▶ [ABOUT THIS EXERCISE]: The pictures stay out. Please retype every line below exactly.

++++ DATA SEGMENT ++++

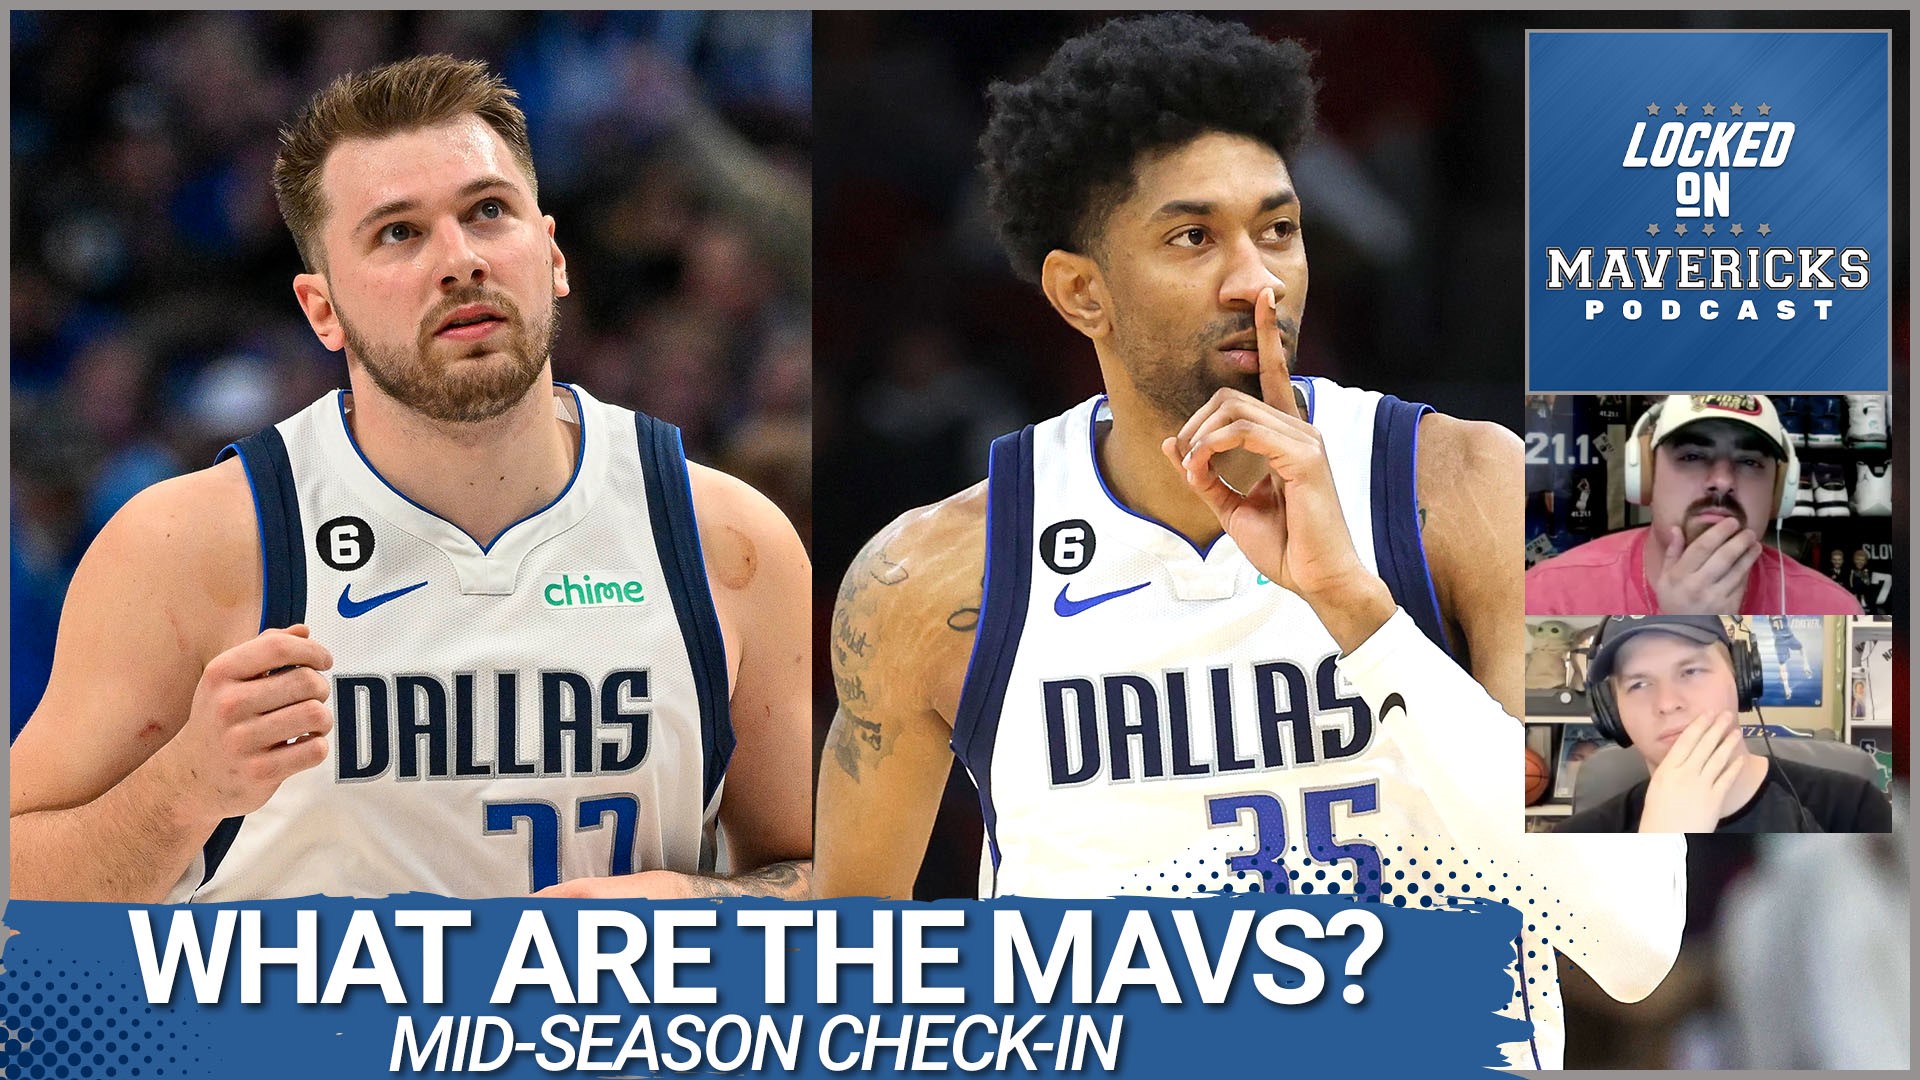 Nick Angstadt & Isaac Harris take a midseason physical of the Dallas Mavericks. How are the 2022-23 Mavs different than the 2021-22 Mavs?
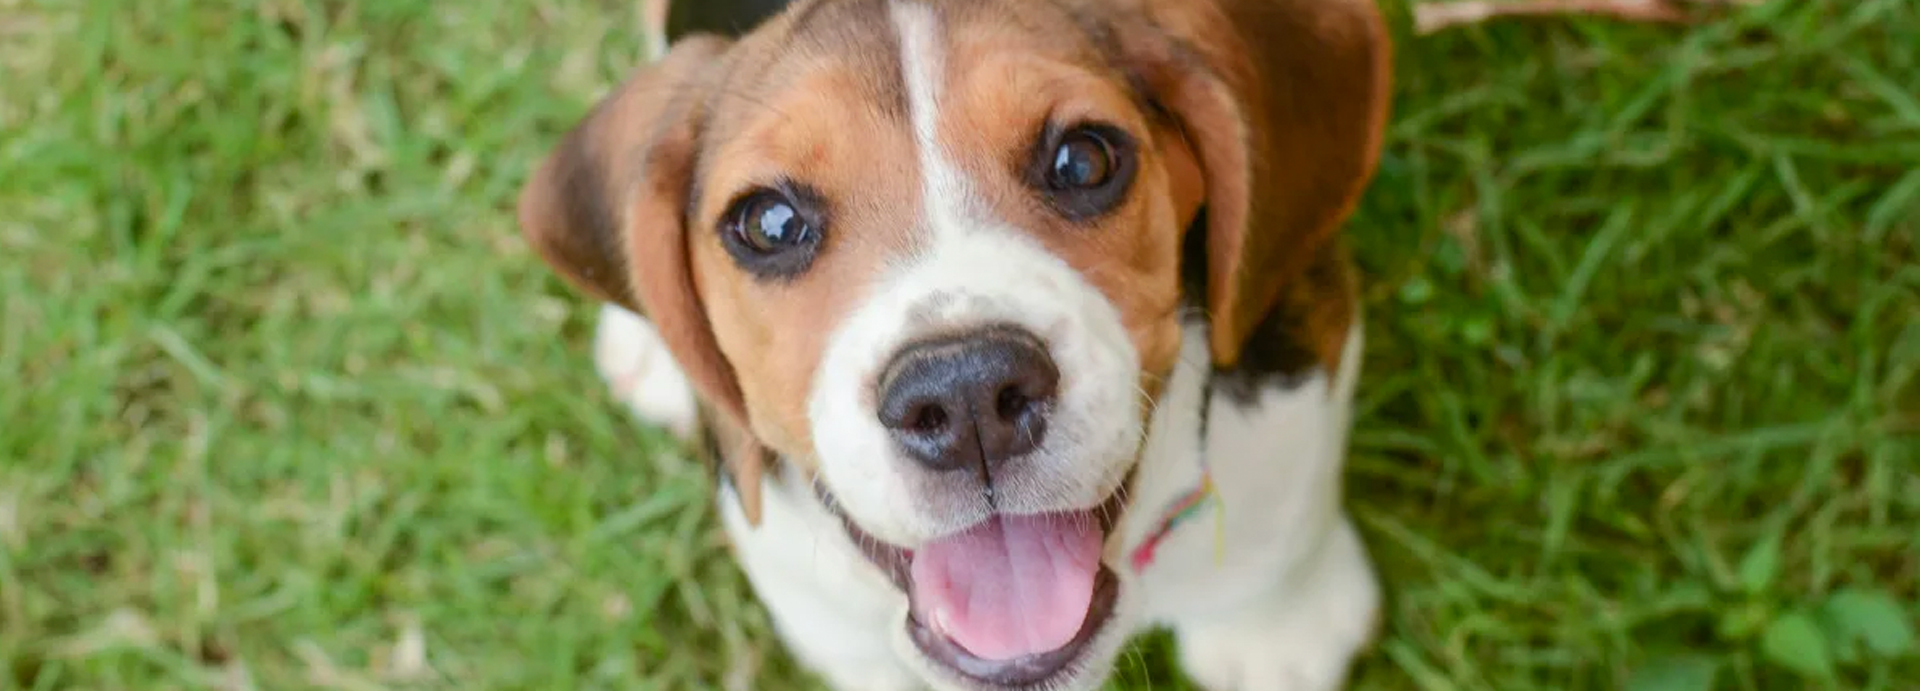 Beagle Can't Contain His Happiness in New Home After 7 Years in a Laboratory
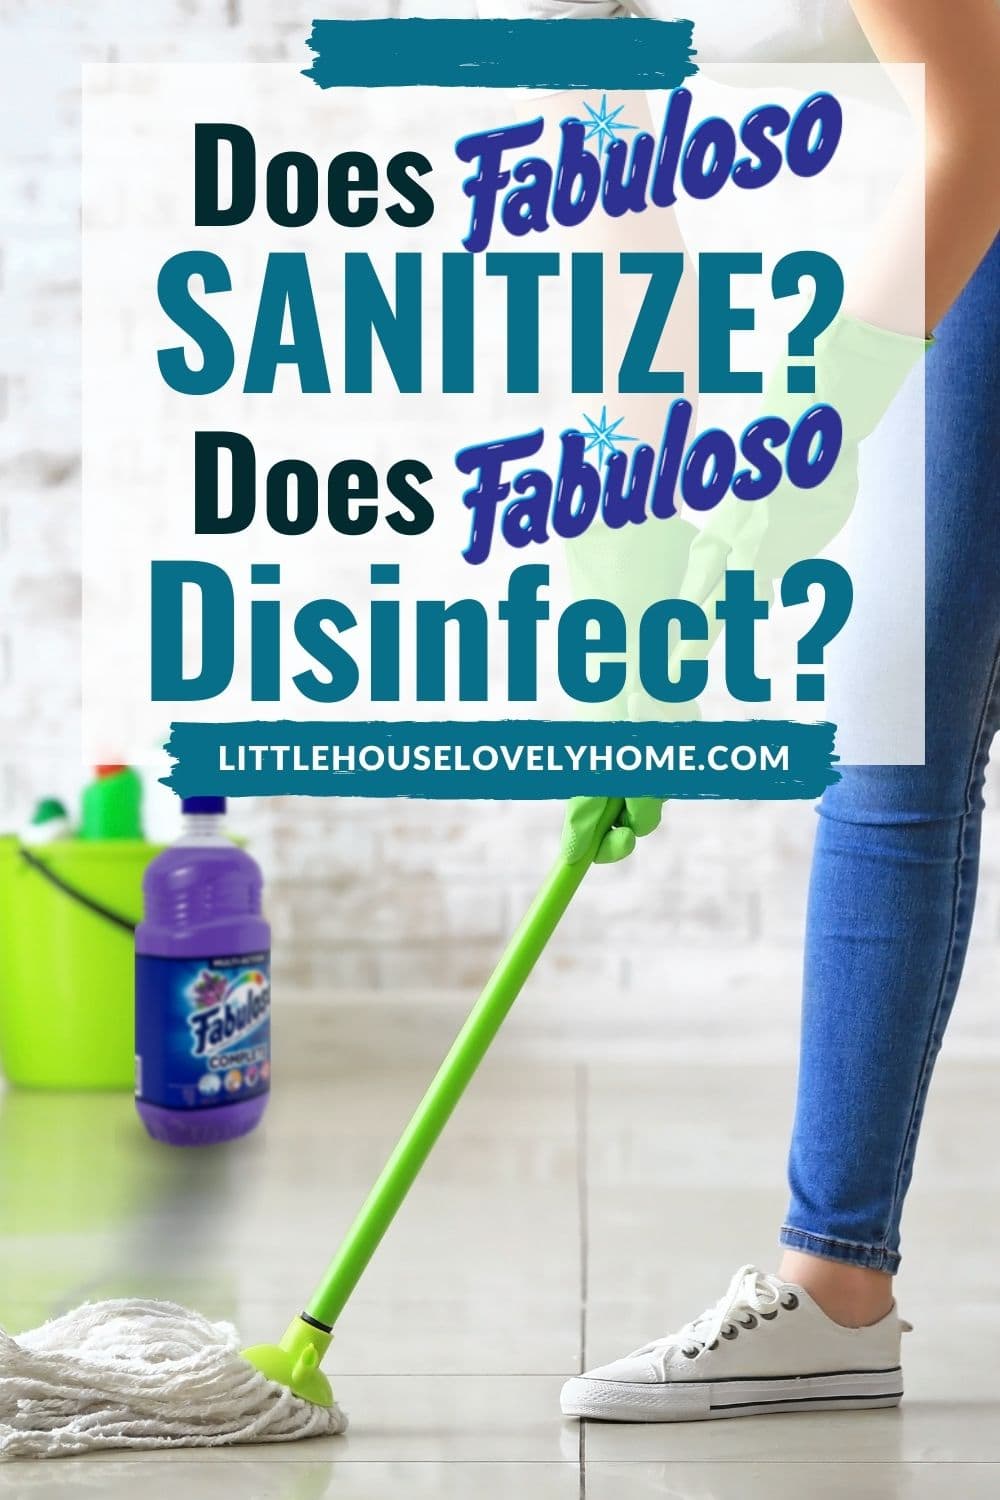 Image showing a person mopping the flor and cleaning items at the background with text overlay that reads Does fabuloso sanitize, Does Fabuloso Disinfect

++++

▶ [RESULT]:
 Nick Angstadt & Isaac Harris take a midseason physical of the Dallas Mavericks. How are the 2022-23 Mavs different than the 2021-22 Mavs?
 Beagle Can't Contain His Happiness in New Home After 7 Years in a Laboratory
 Image showing a person mopping the flor and cleaning items at the background with text overlay that reads Does fabuloso sanitize, Does Fabuloso Disinfect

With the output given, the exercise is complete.